I do a lot of big things, very public and it isn't always known by those around me that I have active PTSD which comes with a variety of anxiety issues.
Before known and expected events, I have a lot of different supports and self care in place. I share with close friends that can relate and never shut me down, but are close enough to question me in a comfortable way for me to examine my own whatever at the time. I take a lot of down time, even if it is just a song around the corner from the office. Eve, has a point about having space to be in. I try to at least keep a decent walking path ( wouldnt want to trip while pacing lol ) That is what I do for speaking events and things like that where I will be with a crowd and willfully vulnerable.
I keep my schedule flexible so that I do not disappoint people. I do not have to explain why I keep my schedule fluid to most people, and when I do I share that being flexible helps me to be able to help people in times of need while being true to my self care boundaries. Usually people are impressed and thank me. I have never been shut down about it.

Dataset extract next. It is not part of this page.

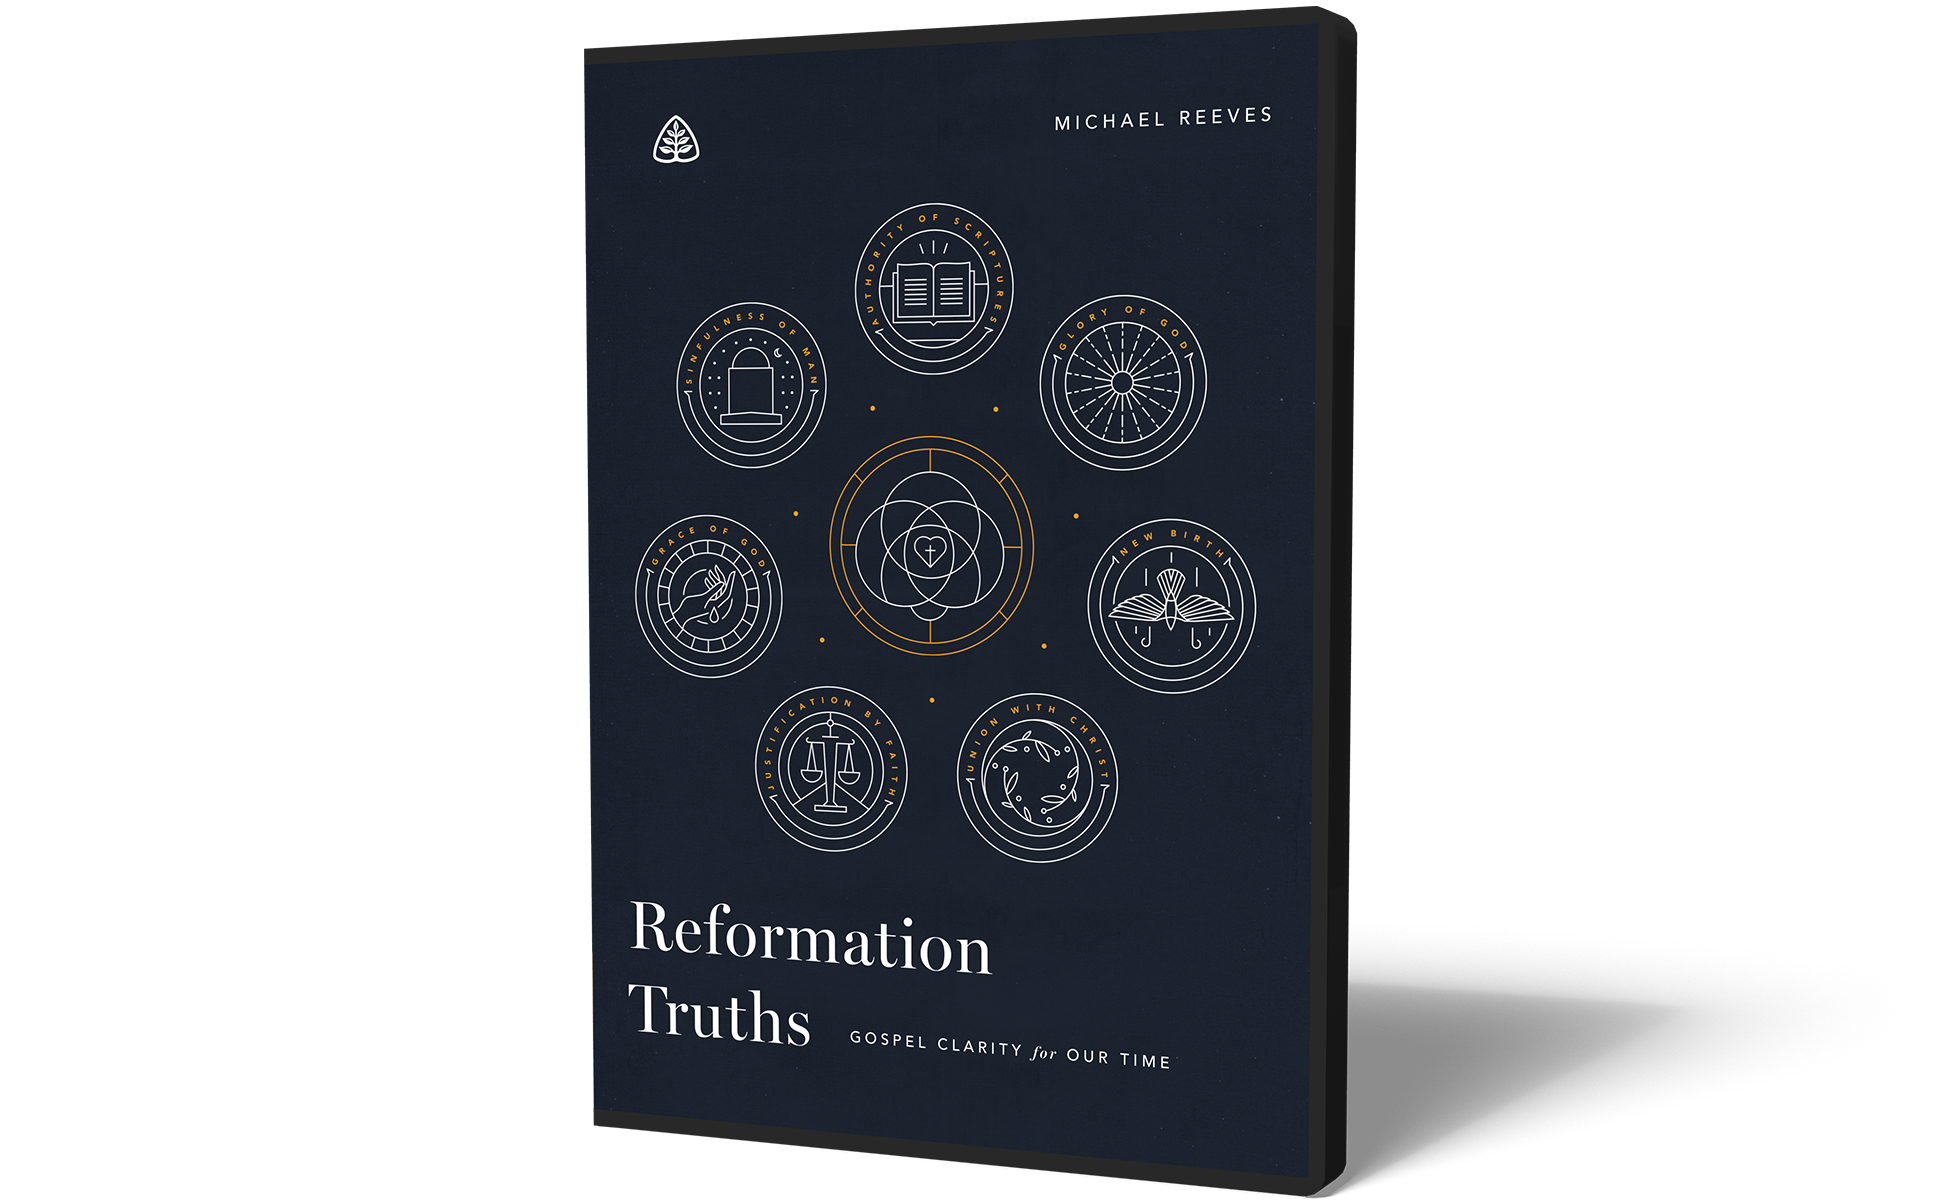 Reformation Truths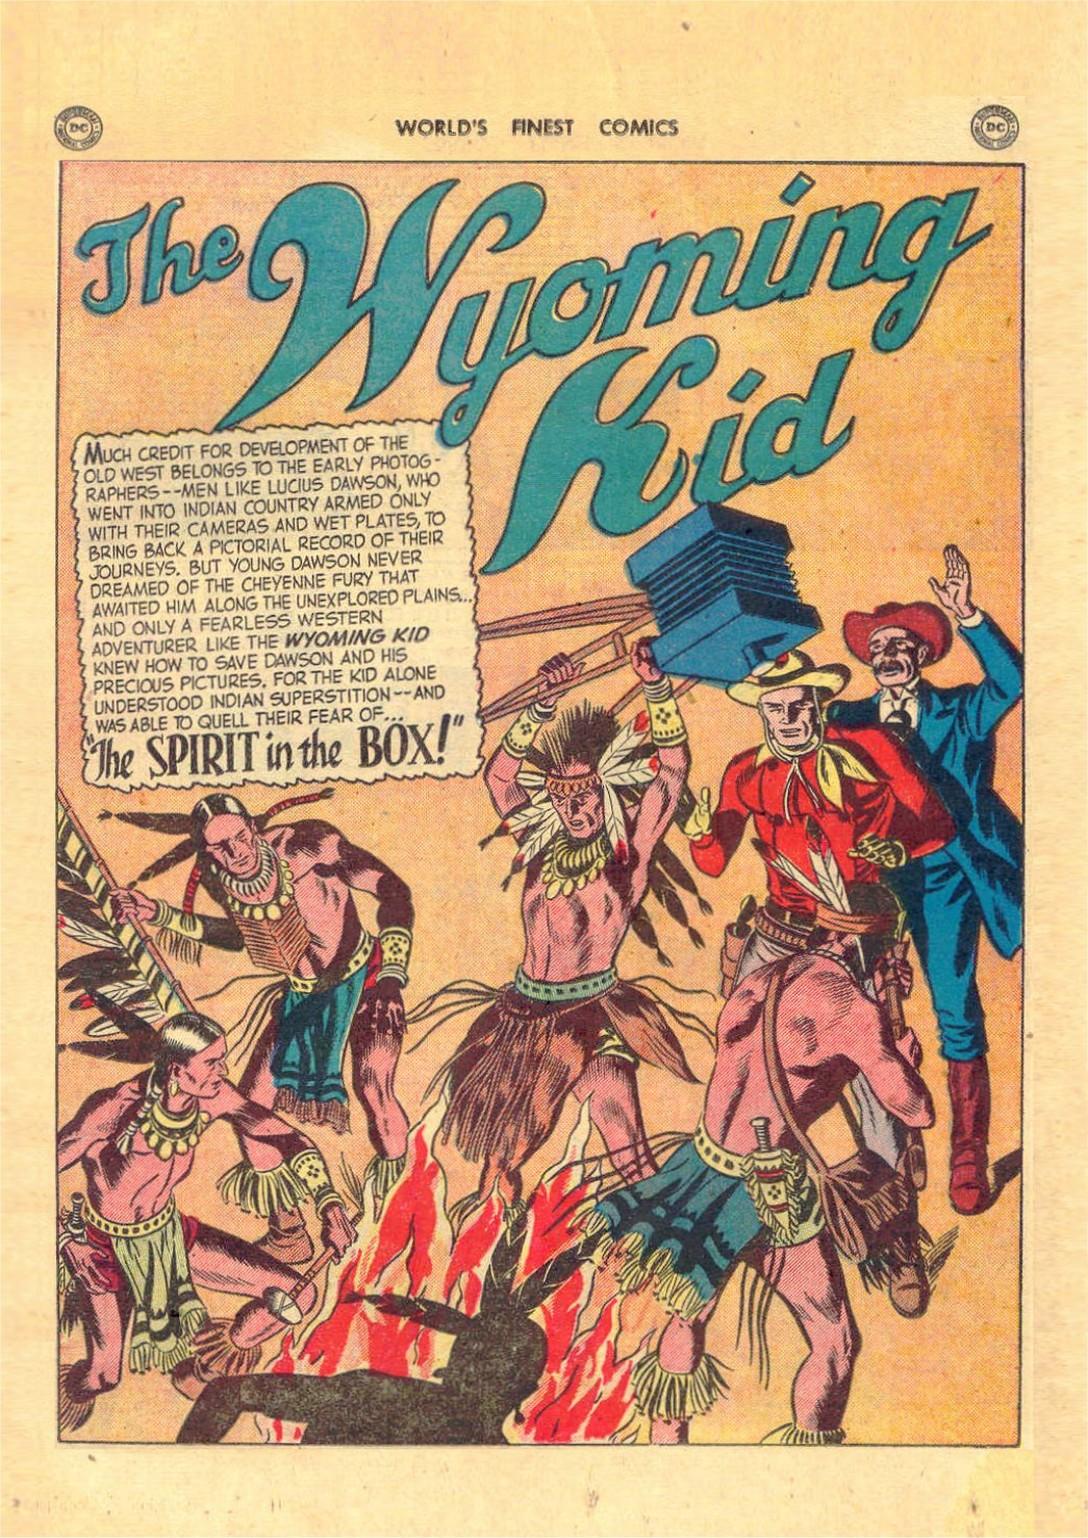 Read online World's Finest Comics comic -  Issue #52 - 15

In other places that are expected, like grocery shopping. I plan…. what time, what day… what if I can't make myself go in. There is almost always a plan B. I still send my kids to the mail box. It is what it is. Self acceptance and love goes a long way.
For unexpected events there is also a plan in place. Usually the 1st thing is to pause, but since we are keeping it real here, I will admit I aspire to just pause 1st. Usually I cuss, really big nasty words. I might even stomp around…. that is a definite sign I need to pause and as soon as I am able, pause. Maybe use mantras, maybe call a friend, maybe lots of things. Pausing goes a long way.
For those times I just freeze, or accidentally dive under a table covering my head and screaming after a surprise loud sound, if I didn't make it into the grocery store. If I didn't whatever, I own it and try to treat myself like I would a friend. I just forgive me. I honor that it is not my fault and not controllable. Besides, I will do better next time. I haven't starved yet ! xoxxo
I love this!
Anxiety is, unfortunately, a clinical part of my life, and I have medication to help keep it bay. But we all know that medication is an aid not a cure. Staying organized helps my anxiety A LOT – keeping an eye on finances, school, work, etc.
When I feel out of control, organizing and cleaning my surroundings can create a stable, secure environment I feel good in.
Getting off the internet and off my phone and just existing for a few moments or longer. Maybe even taking a nap.
Your idea of making rational lists and looking for rational solutions is perfect, and I'm actually going to store that away for future episodes of anxiety!